Digital signatures: A message signed with a sender's private key can be verified by anyone who has access

to the sender's public key, thereby proving that the sender had access to the private key (and therefore is likely to be the person associated with the public key used), and the part of the message that has not been tampered with.

A central problem for use of public-key cryptography is confidence (ideally proof) that a public key is correct, belongs to the person or entity claimed (i.e., is 'authentic'), and has not been tampered with or replaced by a malicious third party. The usual approach to this problem is to use a public-key infrastructure (PKI), in which one or more third parties, known as certificate authorities, certify ownership of key pairs.

Digital Signature
A digital signature is basically a way to ensure that an electronic document (e-mail, spreadsheet, text file, etc.) is authentic. Authentic means that you know who created the document and you know that it has not been altered in any way since that person created it. Digital signatures employ a type of asymmetric cryptography. For messages sent through an insecure channel, a properly implemented digital signature gives the receiver reason to believe the message was sent by the claimed sender. A digital signature scheme typically consists of three algorithms: A key generation algorithm that selects a private key uniformly at random from a set of possible private keys. The algorithm outputs the private key and a corresponding public key. A signing algorithm that, given a message and a private key, produces a signature (or a digest). A signature verifying algorithm that, given a message, public key and a signature, either accepts or rejects the message's claim to authenticity. The digital signature for a message is generated in two steps: 1. A message digest is generated. A message digest is a 'summary' of the message we are going to transmit, and has two important properties: (1) It is always smaller than the message itself and (2) Even the slightest change in the message produces a different digest. The message digest is generated using a set of hashing algorithms. 2. The message digest is encrypted using the sender's private key. The resulting encrypted message digest is the digital signature. The digital signature is attached to the message, and sent to the receiver. The receiver then does the following: 1. Using the sender's public key, decrypts the digital signature to obtain the message digest generated by the sender. 2. Uses the same message digest algorithm used by the sender to generate a message digest of the received message. 3. Compares both message digests (the one sent by the sender as a digital signature, and the one generated by the receiver). If they are not exactly the same, the message has been tampered with by a third party.

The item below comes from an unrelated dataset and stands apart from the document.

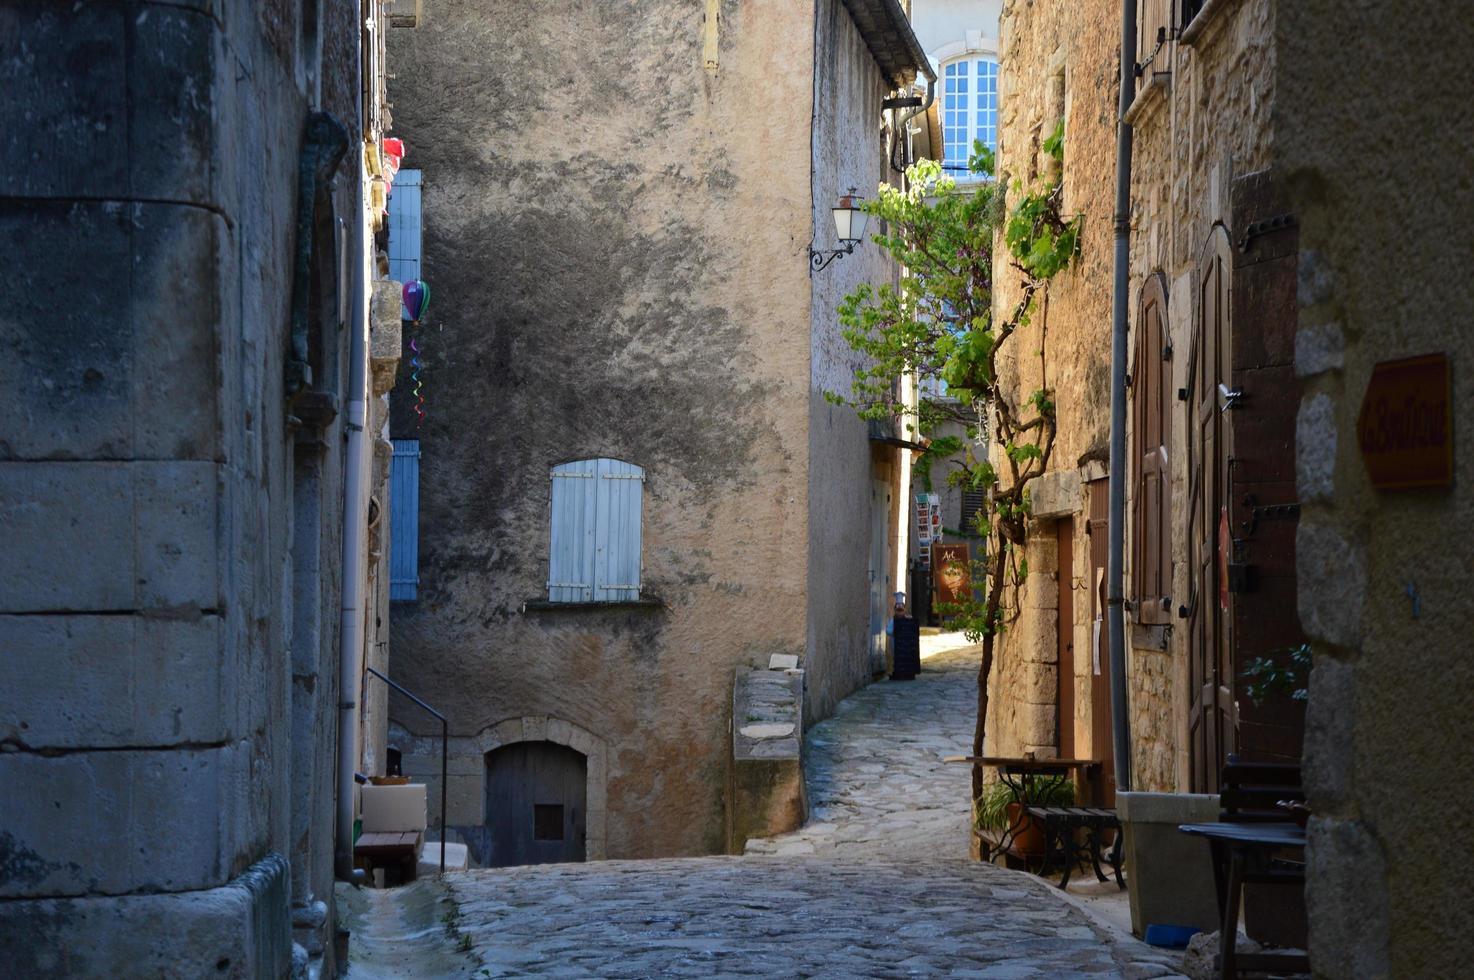 típica calle estrecha francesa foto

Figure 5: How a simple digital signature is applied and then verified. gnature The Digital Signature Standard (DSS) is based on a type of public key encryption method that uses the Digital Signature Algorithm (DSA). DSS is the format for digital signatures that has been endorsed by the US . government. The DSA algorithm consists of a private key that only the originator of the document (signer) knows and a public key.